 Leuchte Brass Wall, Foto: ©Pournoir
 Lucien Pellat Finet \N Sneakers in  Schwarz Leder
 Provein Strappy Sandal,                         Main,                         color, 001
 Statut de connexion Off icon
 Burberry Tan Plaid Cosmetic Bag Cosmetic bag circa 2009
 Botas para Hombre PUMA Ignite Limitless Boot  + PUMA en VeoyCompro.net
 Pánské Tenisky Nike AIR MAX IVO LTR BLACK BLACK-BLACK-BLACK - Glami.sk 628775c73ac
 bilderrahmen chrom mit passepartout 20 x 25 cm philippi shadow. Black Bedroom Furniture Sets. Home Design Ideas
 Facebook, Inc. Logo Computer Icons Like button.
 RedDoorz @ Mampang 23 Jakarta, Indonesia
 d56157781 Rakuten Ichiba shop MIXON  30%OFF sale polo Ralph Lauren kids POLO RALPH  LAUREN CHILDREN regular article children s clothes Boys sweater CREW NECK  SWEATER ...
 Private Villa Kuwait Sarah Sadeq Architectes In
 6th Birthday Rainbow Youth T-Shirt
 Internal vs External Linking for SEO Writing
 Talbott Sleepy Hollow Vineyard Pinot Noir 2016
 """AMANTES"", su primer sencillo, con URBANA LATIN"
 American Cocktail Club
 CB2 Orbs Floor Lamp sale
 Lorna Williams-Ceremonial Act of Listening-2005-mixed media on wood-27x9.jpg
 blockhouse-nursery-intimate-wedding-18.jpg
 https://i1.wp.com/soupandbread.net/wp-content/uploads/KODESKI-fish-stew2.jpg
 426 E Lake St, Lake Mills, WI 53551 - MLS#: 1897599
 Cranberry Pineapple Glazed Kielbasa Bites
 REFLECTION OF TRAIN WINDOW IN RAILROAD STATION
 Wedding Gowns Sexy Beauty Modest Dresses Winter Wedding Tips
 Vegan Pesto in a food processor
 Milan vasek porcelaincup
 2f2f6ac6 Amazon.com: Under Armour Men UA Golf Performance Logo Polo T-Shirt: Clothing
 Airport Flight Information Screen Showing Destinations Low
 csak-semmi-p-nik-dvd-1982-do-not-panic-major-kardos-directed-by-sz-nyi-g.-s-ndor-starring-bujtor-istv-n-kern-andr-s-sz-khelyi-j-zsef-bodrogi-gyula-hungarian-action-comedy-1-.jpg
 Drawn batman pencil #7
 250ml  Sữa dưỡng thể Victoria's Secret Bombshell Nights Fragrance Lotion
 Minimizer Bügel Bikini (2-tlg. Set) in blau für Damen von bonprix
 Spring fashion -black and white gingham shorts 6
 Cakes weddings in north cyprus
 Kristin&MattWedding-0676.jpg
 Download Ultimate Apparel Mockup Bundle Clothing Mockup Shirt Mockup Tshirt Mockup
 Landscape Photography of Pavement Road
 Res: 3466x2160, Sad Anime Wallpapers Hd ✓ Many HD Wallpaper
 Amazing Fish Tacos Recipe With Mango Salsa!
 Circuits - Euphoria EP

= TASK REQUIREMENTS =
Please give a word-for-word repetition of the lines from the one containing "Internal vs External Linking for SEO Writing" through the last line of the data above, including both, and nothing besides.

= PROBLEM SOLUTION =
 Internal vs External Linking for SEO Writing
 Talbott Sleepy Hollow Vineyard Pinot Noir 2016
 """AMANTES"", su primer sencillo, con URBANA LATIN"
 American Cocktail Club
 CB2 Orbs Floor Lamp sale
 Lorna Williams-Ceremonial Act of Listening-2005-mixed media on wood-27x9.jpg
 blockhouse-nursery-intimate-wedding-18.jpg
 https://i1.wp.com/soupandbread.net/wp-content/uploads/KODESKI-fish-stew2.jpg
 426 E Lake St, Lake Mills, WI 53551 - MLS#: 1897599
 Cranberry Pineapple Glazed Kielbasa Bites
 REFLECTION OF TRAIN WINDOW IN RAILROAD STATION
 Wedding Gowns Sexy Beauty Modest Dresses Winter Wedding Tips
 Vegan Pesto in a food processor
 Milan vasek porcelaincup
 2f2f6ac6 Amazon.com: Under Armour Men UA Golf Performance Logo Polo T-Shirt: Clothing
 Airport Flight Information Screen Showing Destinations Low
 csak-semmi-p-nik-dvd-1982-do-not-panic-major-kardos-directed-by-sz-nyi-g.-s-ndor-starring-bujtor-istv-n-kern-andr-s-sz-khelyi-j-zsef-bodrogi-gyula-hungarian-action-comedy-1-.jpg
 Drawn batman pencil #7
 250ml  Sữa dưỡng thể Victoria's Secret Bombshell Nights Fragrance Lotion
 Minimizer Bügel Bikini (2-tlg. Set) in blau für Damen von bonprix
 Spring fashion -black and white gingham shorts 6
 Cakes weddings in north cyprus
 Kristin&MattWedding-0676.jpg
 Download Ultimate Apparel Mockup Bundle Clothing Mockup Shirt Mockup Tshirt Mockup
 Landscape Photography of Pavement Road
 Res: 3466x2160, Sad Anime Wallpapers Hd ✓ Many HD Wallpaper
 Amazing Fish Tacos Recipe With Mango Salsa!
 Circuits - Euphoria EP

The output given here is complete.